17-Year-Old Protégé Ends Chloe Kim’s Olympic Three-Peat Dream in Final Run

Chloe Kim just lost Olympic gold to the teenager she mentored.

South Korea’s Choi Gaon, 17, recovered from a brutal crash to score 90.25 on her final run Thursday night, dethroning the two-time defending champion who hadn’t lost an Olympic halfpipe in eight years. The upset ended Kim’s bid to become the first snowboarder ever to win three consecutive Olympic golds in the same event.

The Shoulder That Almost Stopped History

Kim dislocated her left shoulder one month ago during training in Switzerland. The injury looked career-threatening on video—she face-planted into the halfpipe wall and slid down awkwardly.

“A month ago, my chances looked bleak, and I had no practice on snow,” the 25-year-old American told Olympics.com. She still dominated qualifying with a 90.25 score days earlier, making the three-peat feel inevitable.

Day 6 Halfpipe Fast Facts:

  • 88.0 points: Kim’s first-run score that held the lead for most of the night
  • 90.25 points: Choi’s comeback score that won gold
  • 1 month: Time between Kim’s shoulder dislocation and Olympic finals
  • 8 years: Kim’s undefeated Olympic streak before Thursday
  • 17 years old: Age of the protégé who beat her idol

The Final Run That Changed Everything

Kim entered her last attempt trailing for the first time in Olympic history. Light snow fell over Livigno Snow Park as her coach gave her a choice: play it safe or go big.

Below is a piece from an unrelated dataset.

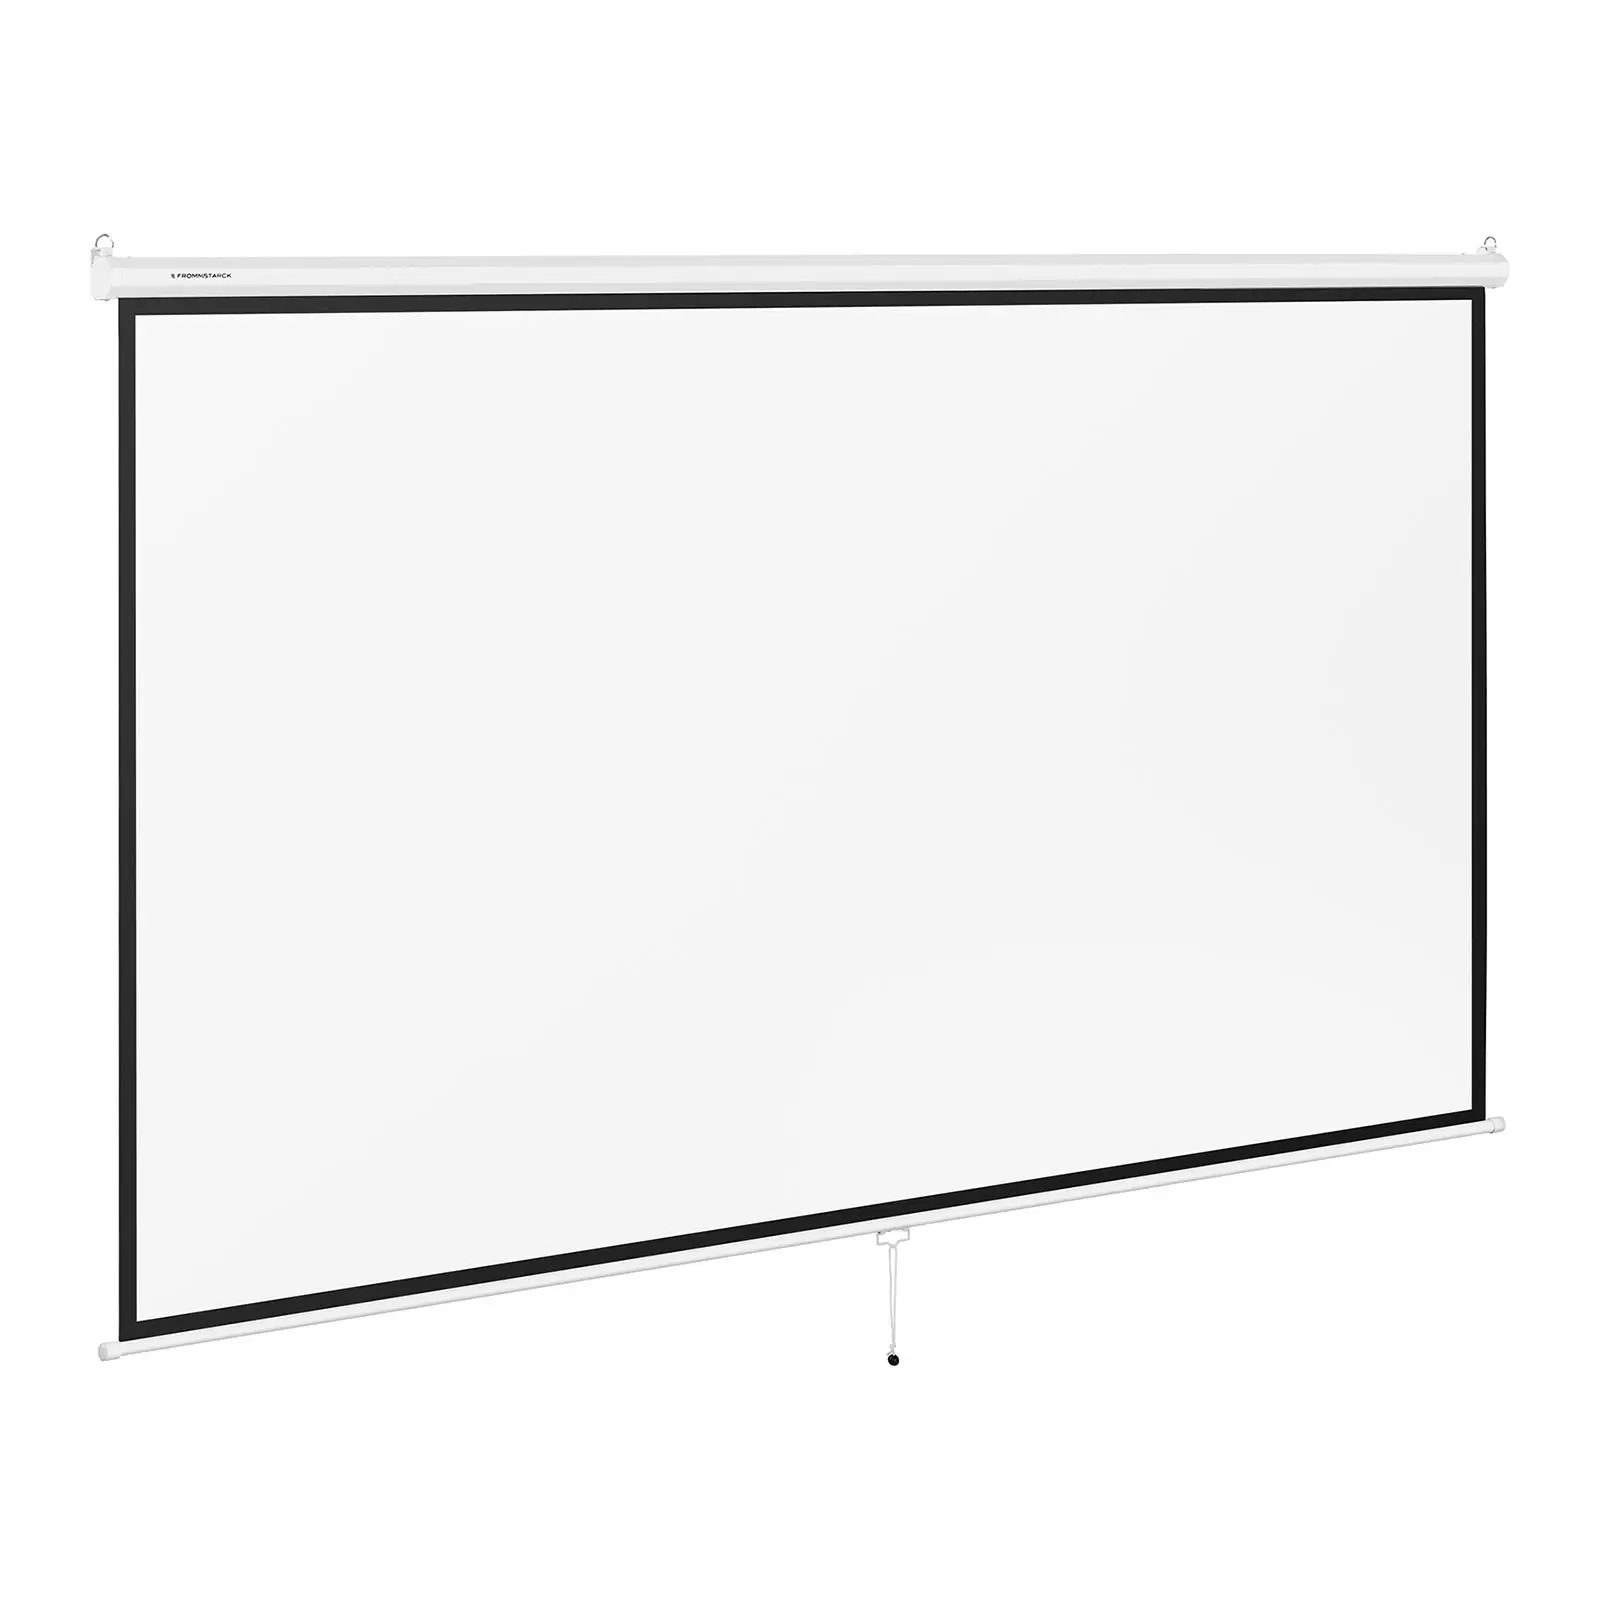 Projection Screen - 340 x 210 cm - 16:9

“I wanted to go for it. Because that’s what I do,” Kim said. She launched higher than her first run but couldn’t match Choi’s technical execution.

The Twist Nobody Expected

Choi crashed hard earlier in the competition, slamming into the halfpipe as spectators gasped. The teenager who idolizes Kim then delivered the performance of her life when it mattered most.​

“I’ll admit, I went pretty safe on it,” Kim said of her first run, watching competitors fall around her. That conservative strategy backfired when Choi proved fearless in the final round.

Why It Matters

Kim’s smile at the medal ceremony shocked viewers expecting devastation. Her silver might mean more than her previous golds—she competed with an injury that nearly ended her Olympic dream entirely. The passing of the torch from mentor to protégé delivered the kind of generational sports drama that transcends snowboarding and proves even legends can’t win forever.